Mailpile, a crowdfunding initiative from Iceland that aims to provide email security in response to the revealed National Security Agency programs, has hit a road bump in their fundraising efforts thanks to PayPal.
Despite raising a total of $135,000 out of their $100,000 goal with six days left for people to donate, the web-mail client that aims to provide free, secure and open source software, may not be able to use all their fundraised and donated money.
PayPal has frozen Mailpile’s account and is withholding $45,000 of the total raised, reserving its right to hold onto money until Mailpile comes up with a budgetary breakdown of how the donations will be used, according to ArcticStartup.
Bjarni Einarsson, tech lead for Mailpile took to the company’s blog to write that PayPal’s justification for withholding the money is a “concern about charge-backs,” and that they may not release the block on the account for one year if the company does not provide the requested budgetary breakdown.
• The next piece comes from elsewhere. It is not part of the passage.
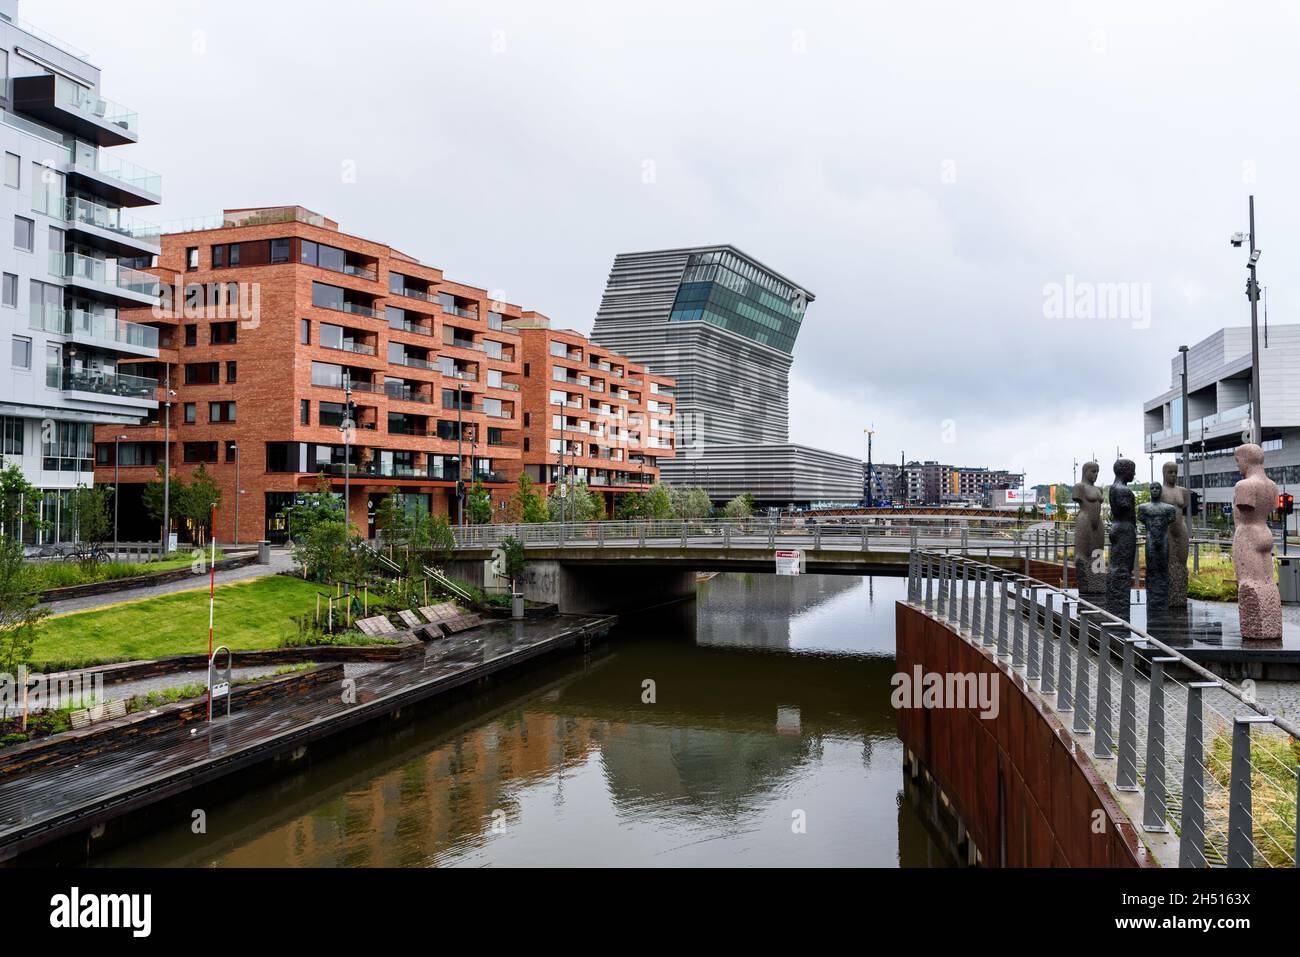 Oslo, Norway - August 11, 2019: View of Barcode Project area and Munch Museum. A redevelopment on former dock and industrial land in central Oslo. Stock Photo

However, Einarsson affirms that PayPal has no jurisdiction to ask for a budget of their business.
In response to not knowing when they will get access to the $45,000 Einarsson wrote, “rest assured, we are not taking this lying down and intend to put pressure on the company.”
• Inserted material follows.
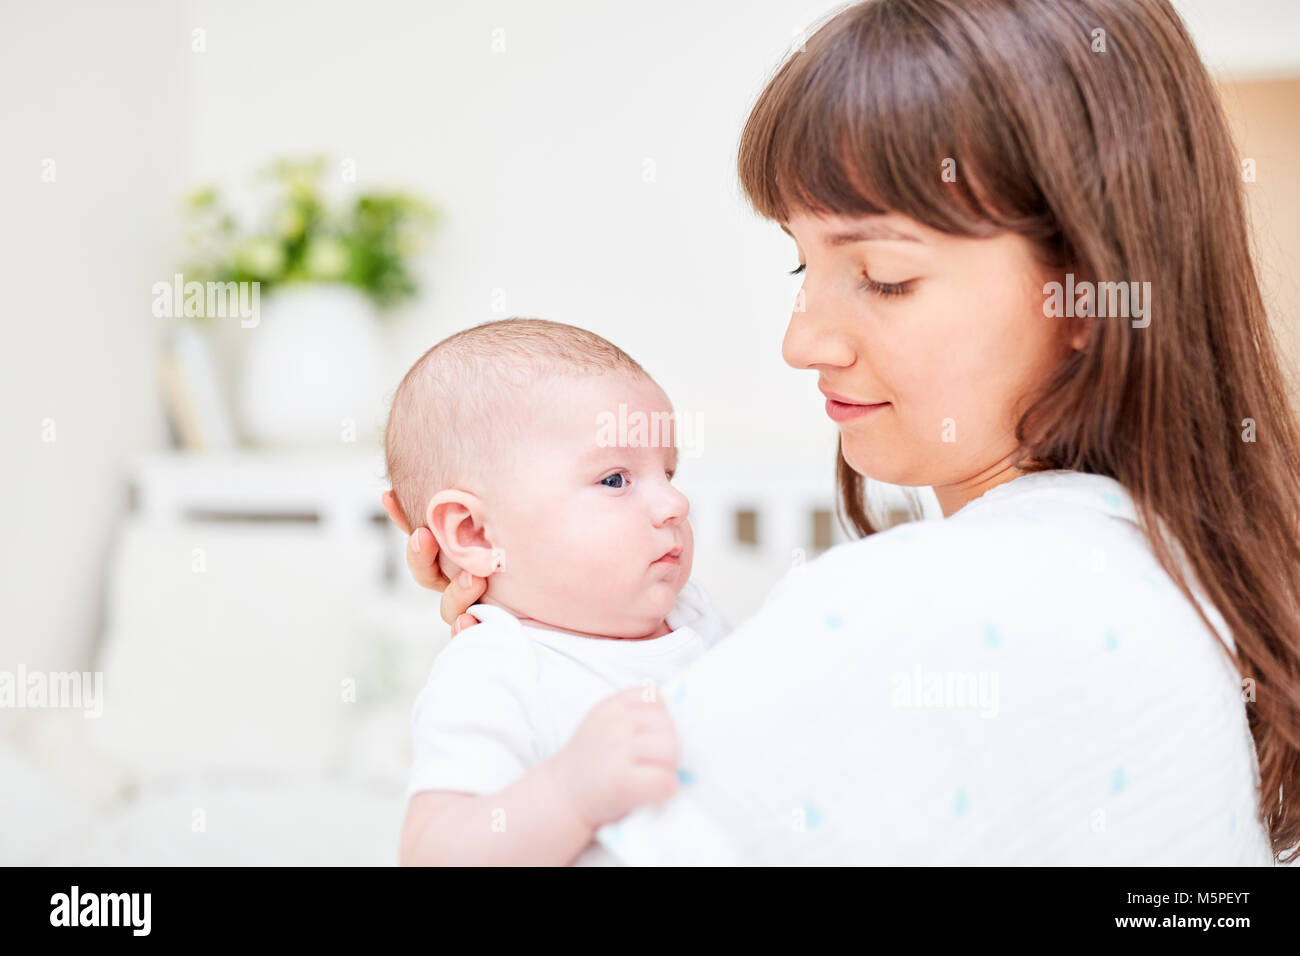 Woman as a loving mother holds her newborn baby tenderly in her arms Stock Photo

In the same update Einarsson addressed Mailpile supporters and said that while they understand if their supporters are upset with PayPal, they request that “nobody cancel their payments or take any action aside from speaking out.”
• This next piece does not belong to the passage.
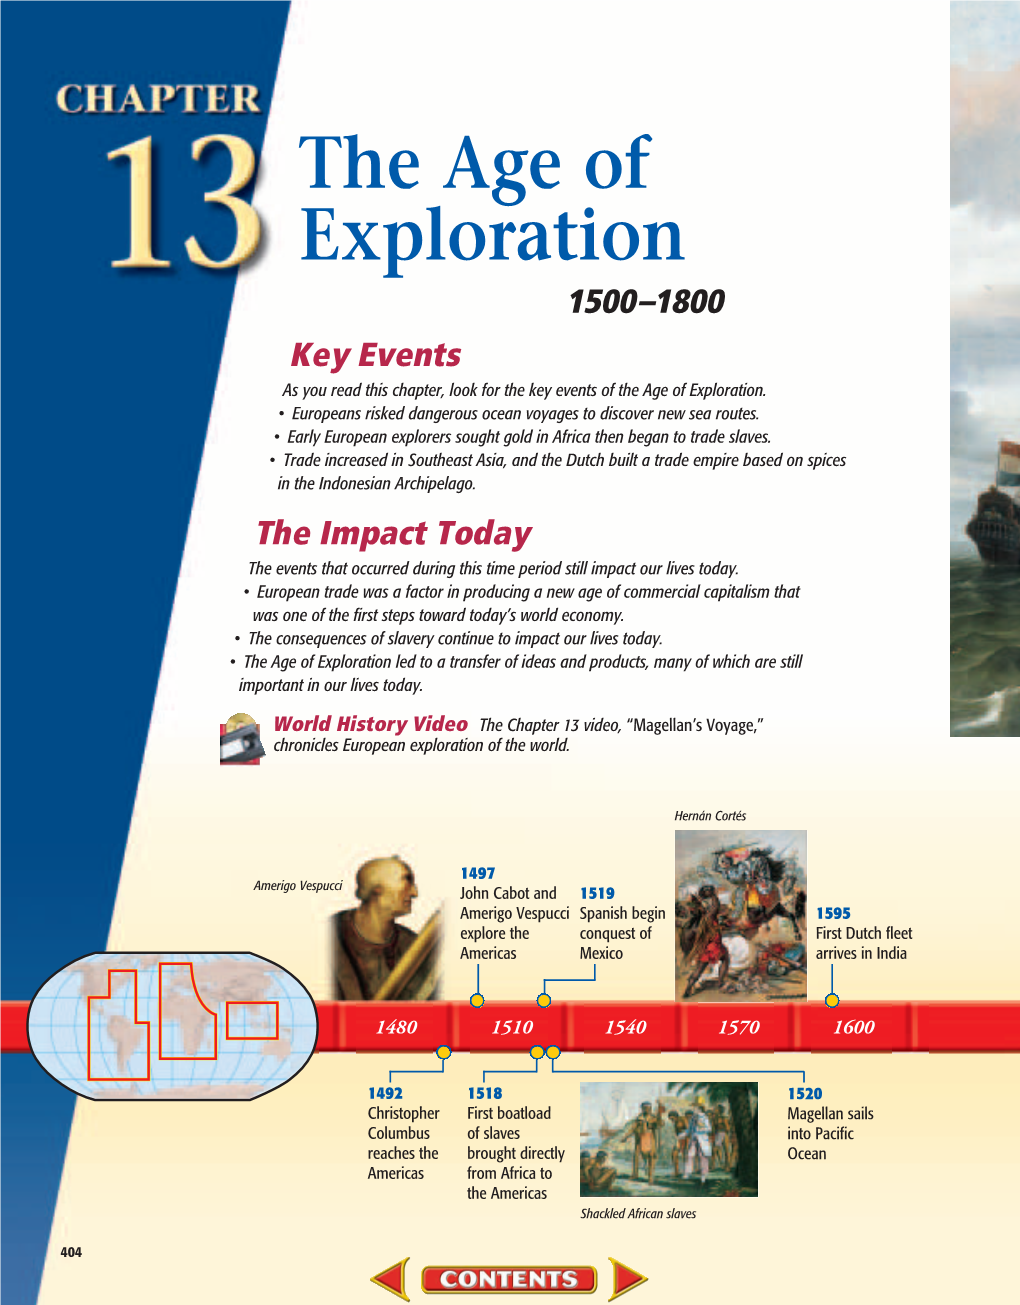 Chapter 13: the Age of Exploration, 1500-1800

The company assured its supporters that “enough people have funded us directly through IndieGoGo and we have enough savings that we will be able to keep our word and make Mailpile happen.”
Update: PayPal has notified Opposing Views that it has released Mailpile's crowdfunding. Official statement below:
"We have reached out to MailPile and the limitation has been lifted. Supporting crowd funding campaigns is an exciting new part of our business. We are working closely with industry-leaders like IndieGoGo and adapting our processes and policies to better serve the innovative companies that are relying on PayPal and crowd funding campaigns to grow their businesses. We never want to get in the way of innovation, but as a global payments company we must ensure the payments flowing through our system around the world are in compliance with laws and regulations. We understand that the way in which we are complying to these rules can be frustrating in some cases and we've made significant changes in North America to adapt to the unique needs of crowd funding campaigns. We are currently working to roll these improvements out around the world."